▶ ACTIVITY: Give back exactly the lines of the data below, starting with the line that has "Installation view, Nikita" and going on through the line that has "South Florida Trailer".

▶ MATERIAL TO PROCESS:
****

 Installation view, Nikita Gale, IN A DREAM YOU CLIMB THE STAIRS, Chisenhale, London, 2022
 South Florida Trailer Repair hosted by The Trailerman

****

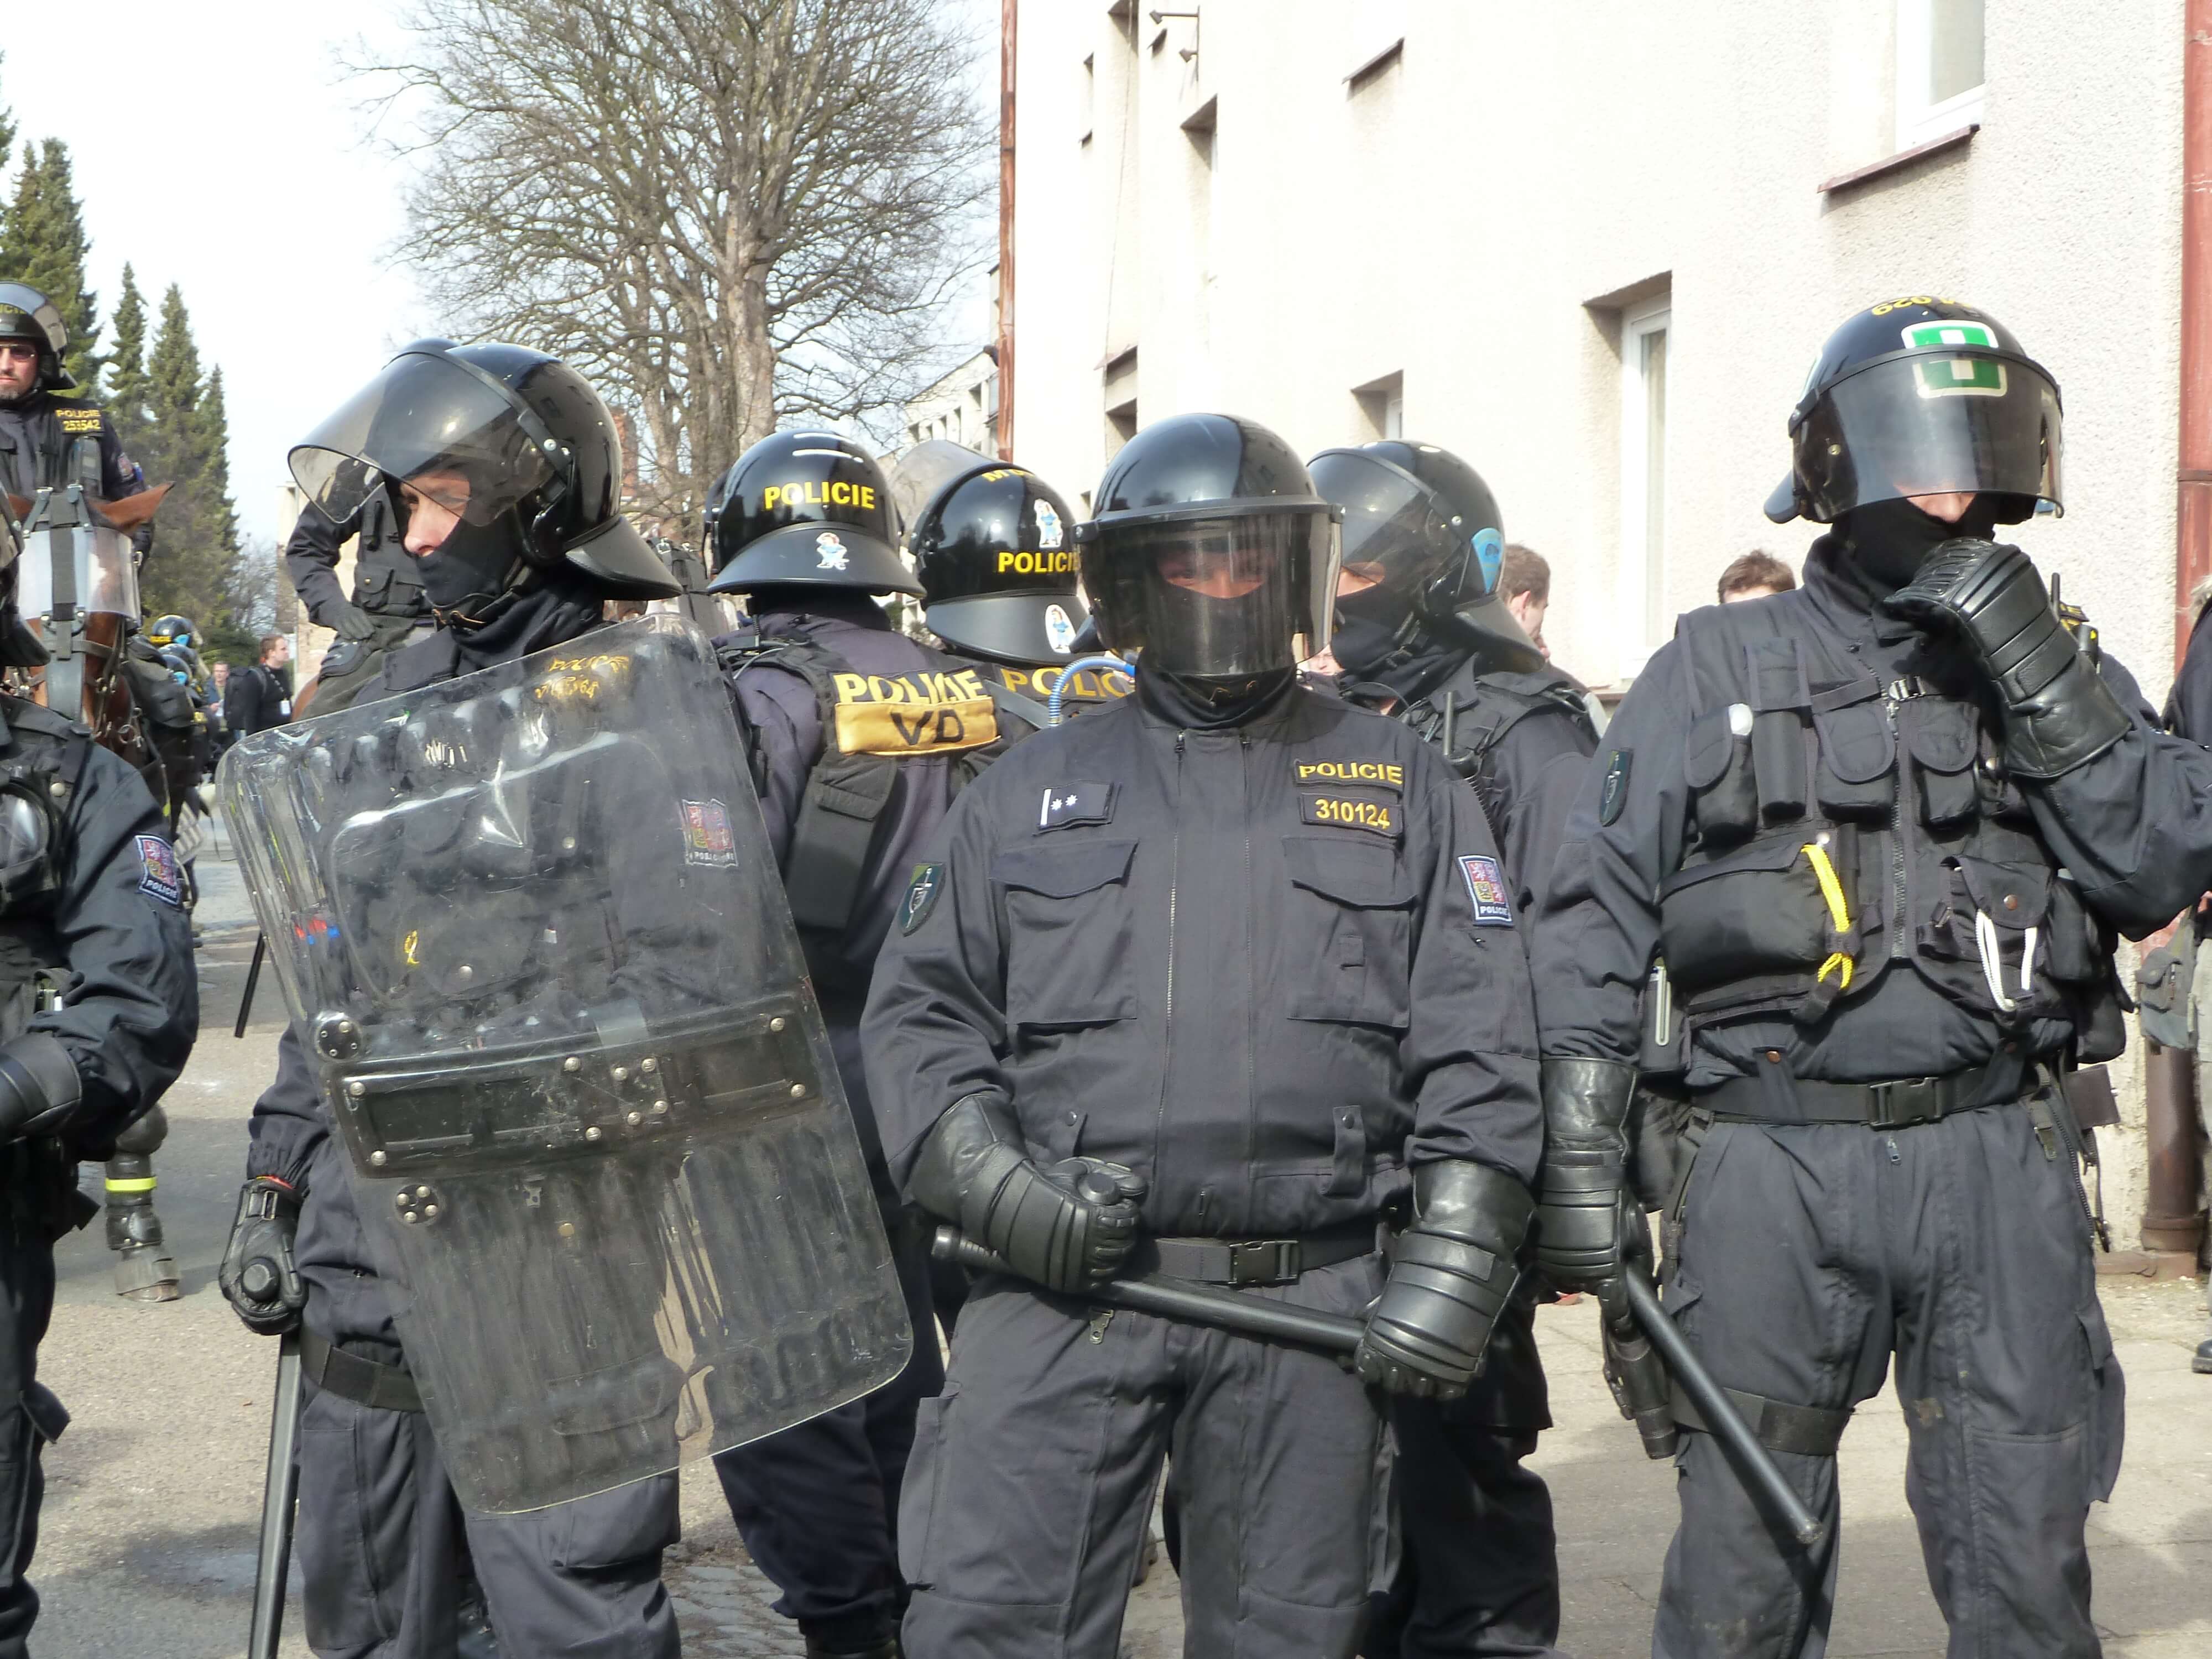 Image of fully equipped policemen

****

▶ EXERCISE ANSWER:
 Installation view, Nikita Gale, IN A DREAM YOU CLIMB THE STAIRS, Chisenhale, London, 2022
 South Florida Trailer Repair hosted by The Trailerman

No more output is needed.